Input data.

_____

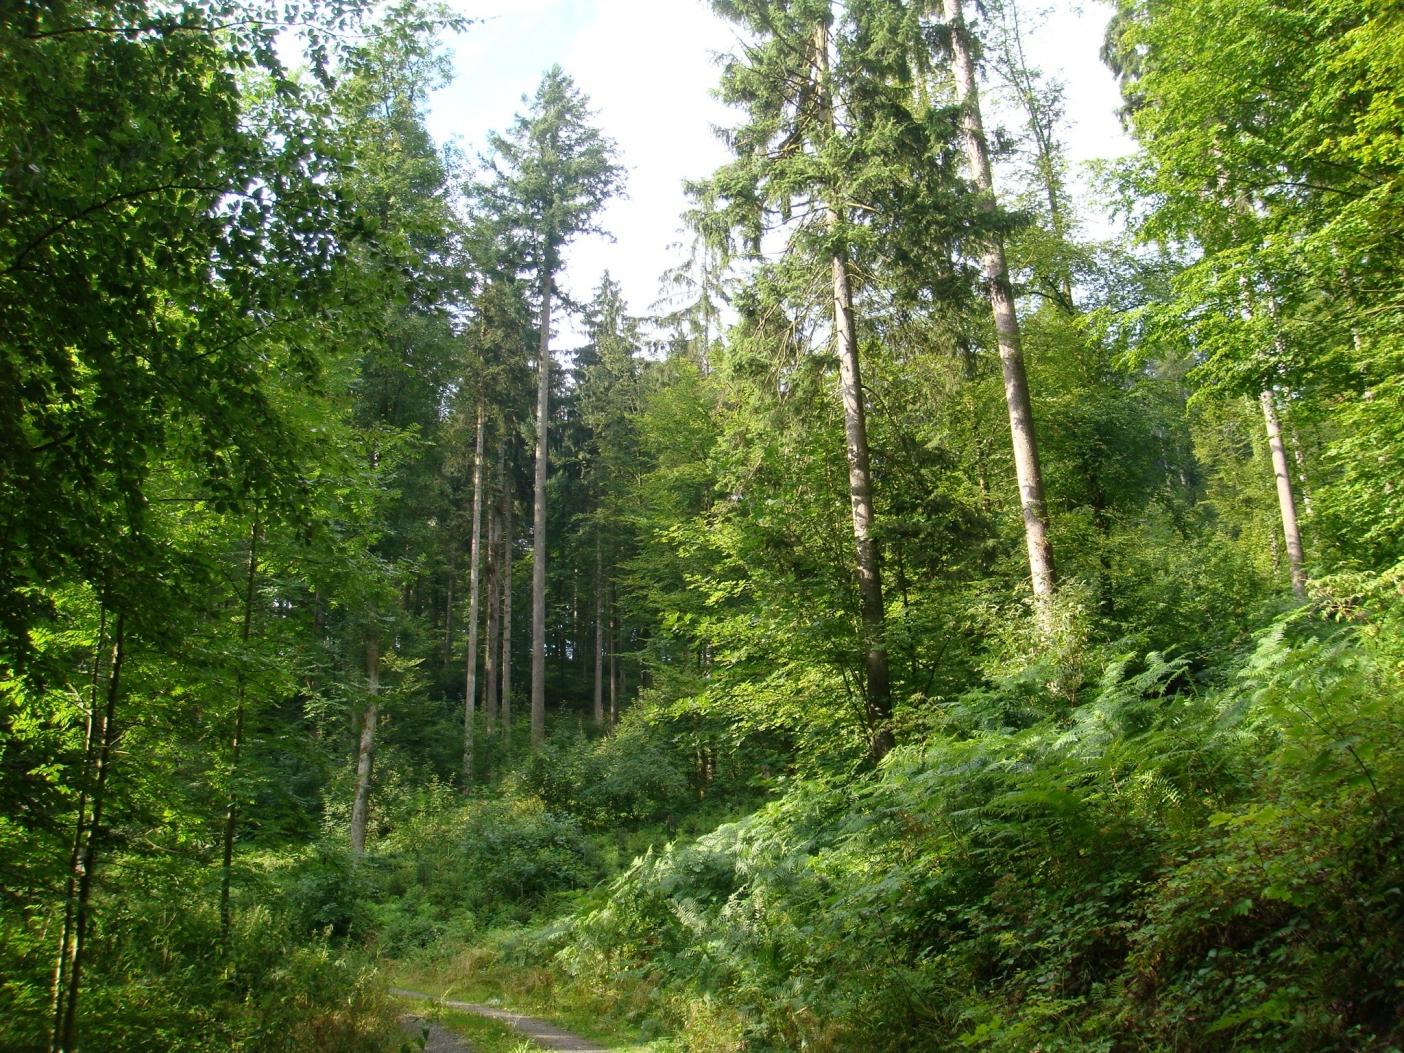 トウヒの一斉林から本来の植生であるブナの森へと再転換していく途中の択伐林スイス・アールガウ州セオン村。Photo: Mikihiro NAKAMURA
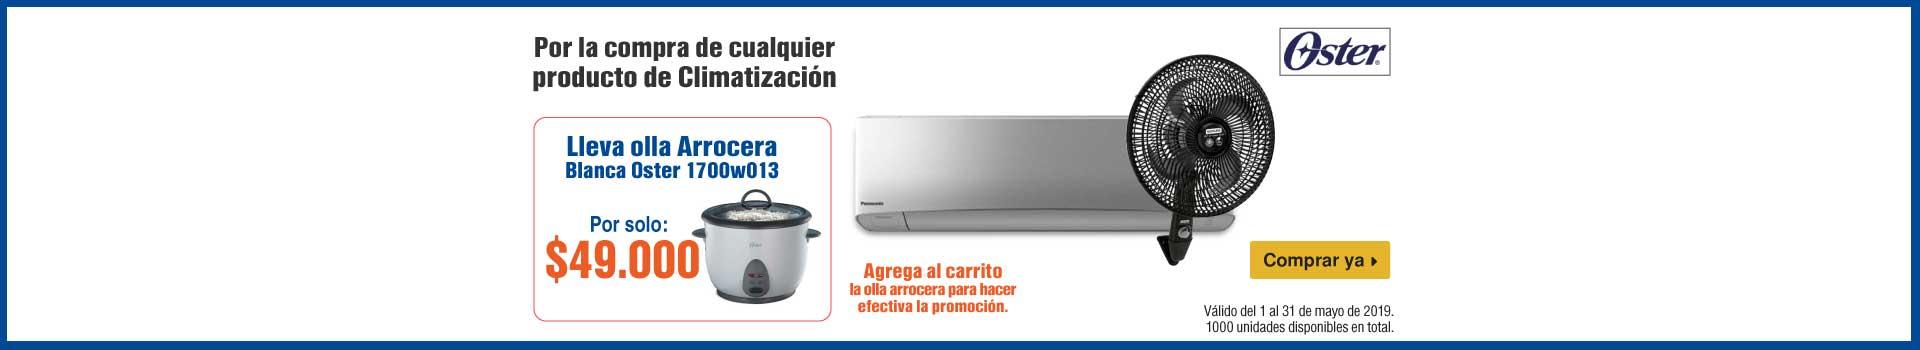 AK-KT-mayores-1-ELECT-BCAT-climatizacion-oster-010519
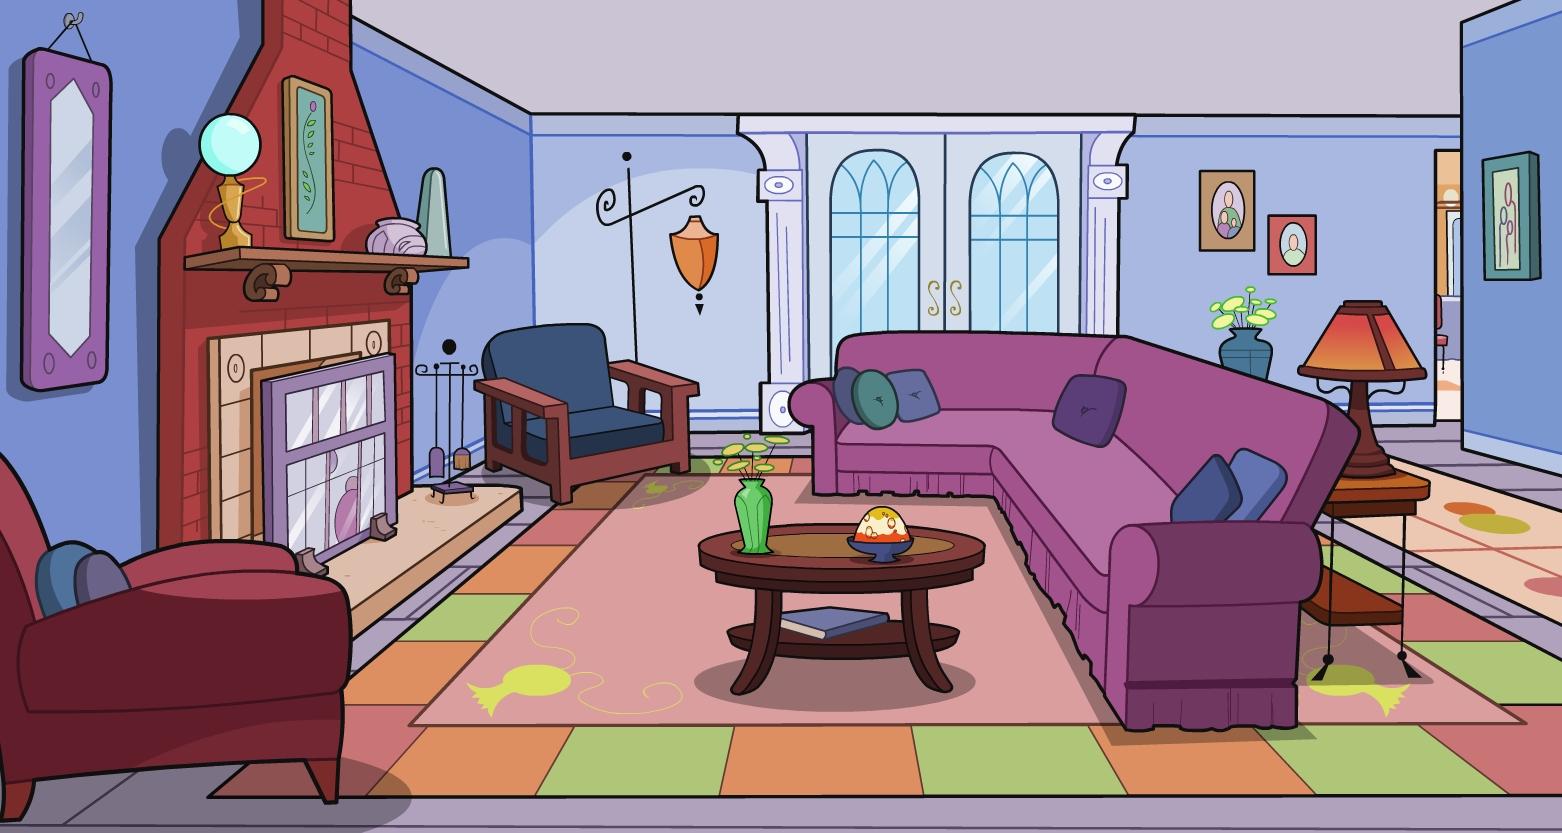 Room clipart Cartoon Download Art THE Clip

_____

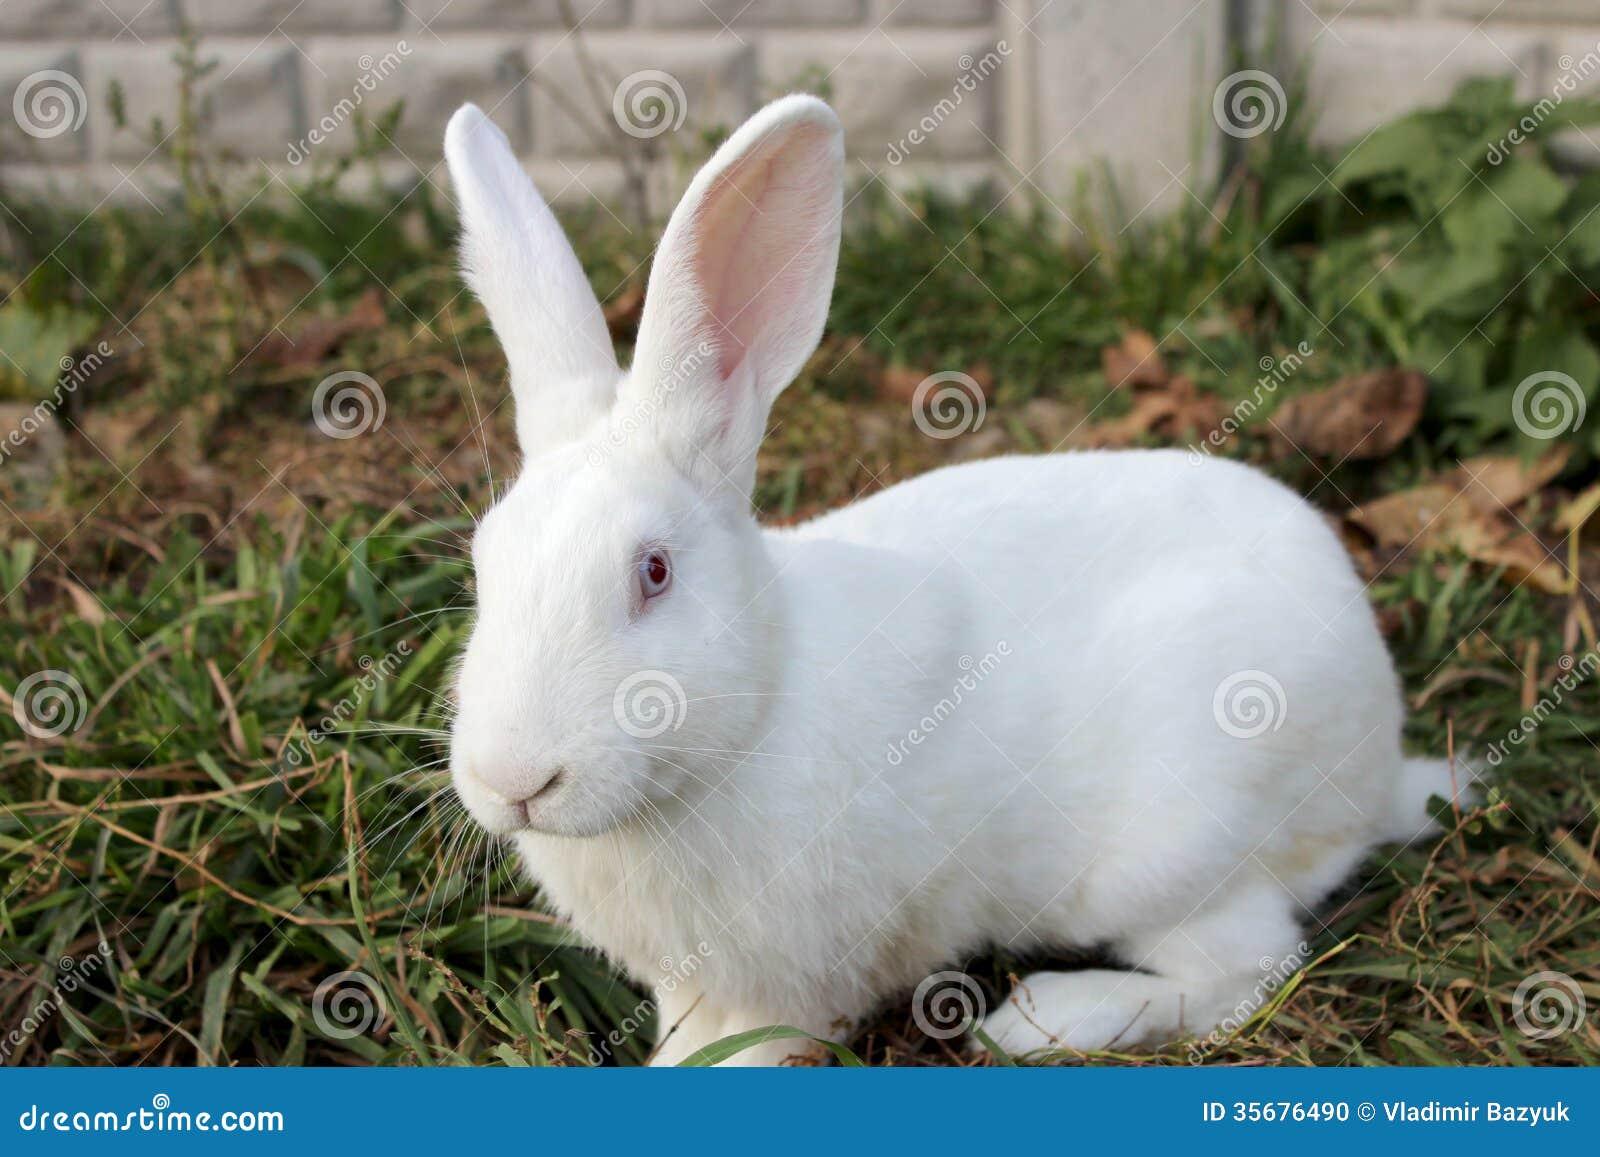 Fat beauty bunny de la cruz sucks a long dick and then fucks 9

_____

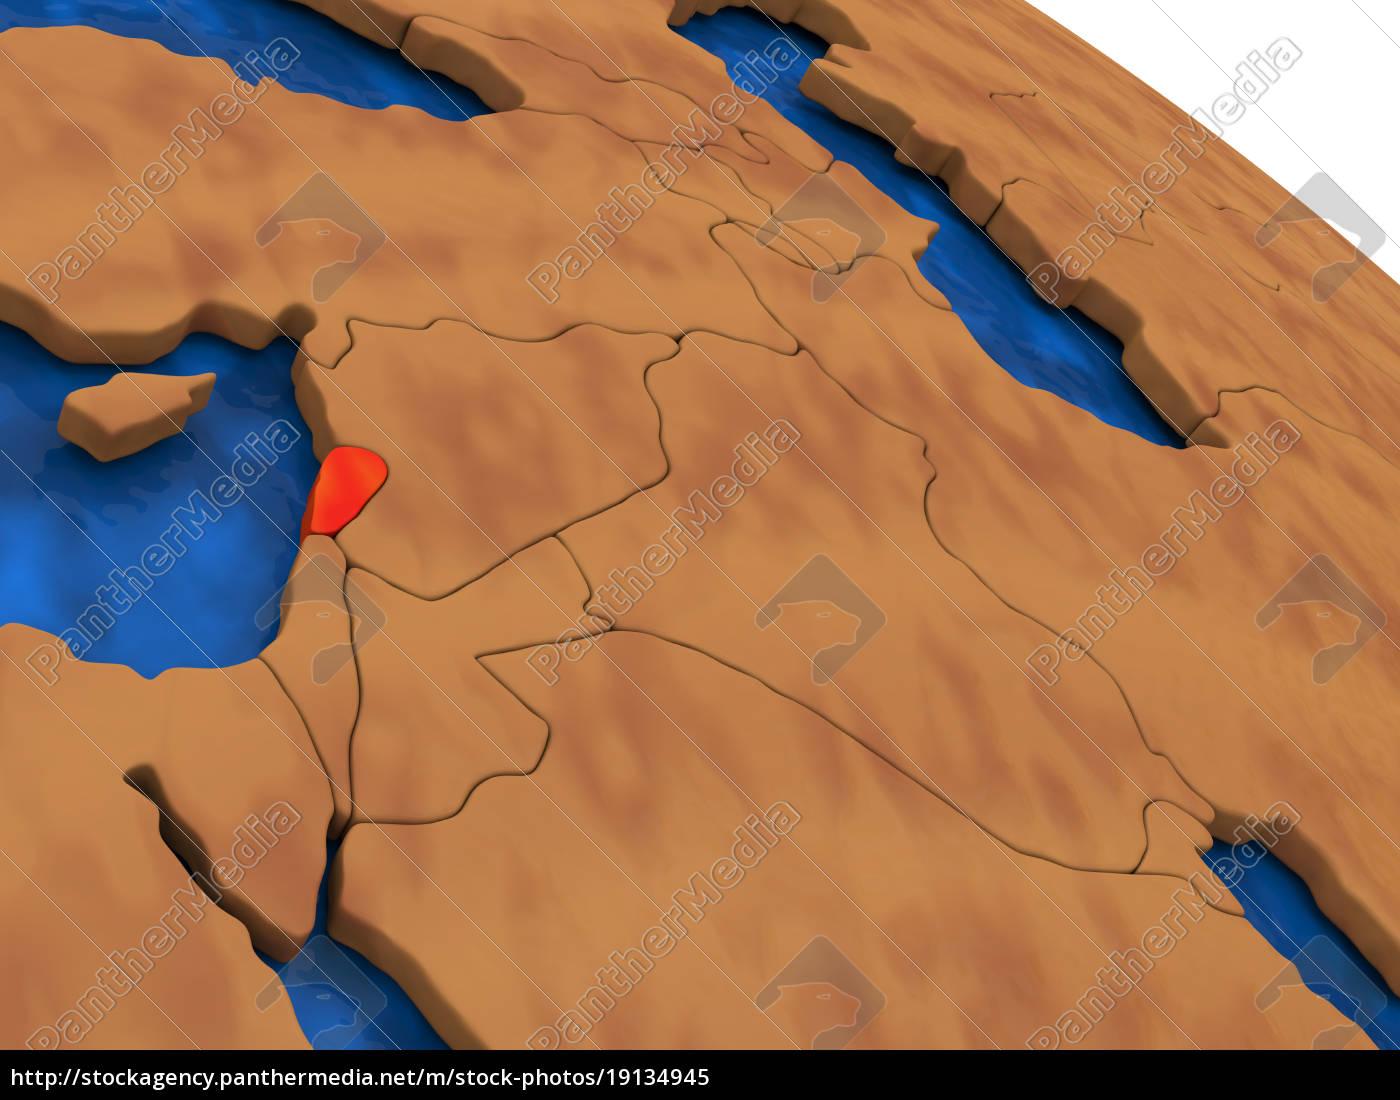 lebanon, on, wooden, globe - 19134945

_____

What to work on.
Nothing but the lines from the one containing "AK-KT-mayores-1-ELECT-BCAT-climatizacion-oster-010519" through the one containing "Room clipart Cartoon Download Art THE Clip" should appear, copied exactly from the material above and without pictures.

Solved problem.
 AK-KT-mayores-1-ELECT-BCAT-climatizacion-oster-010519
 Room clipart Cartoon Download Art THE Clip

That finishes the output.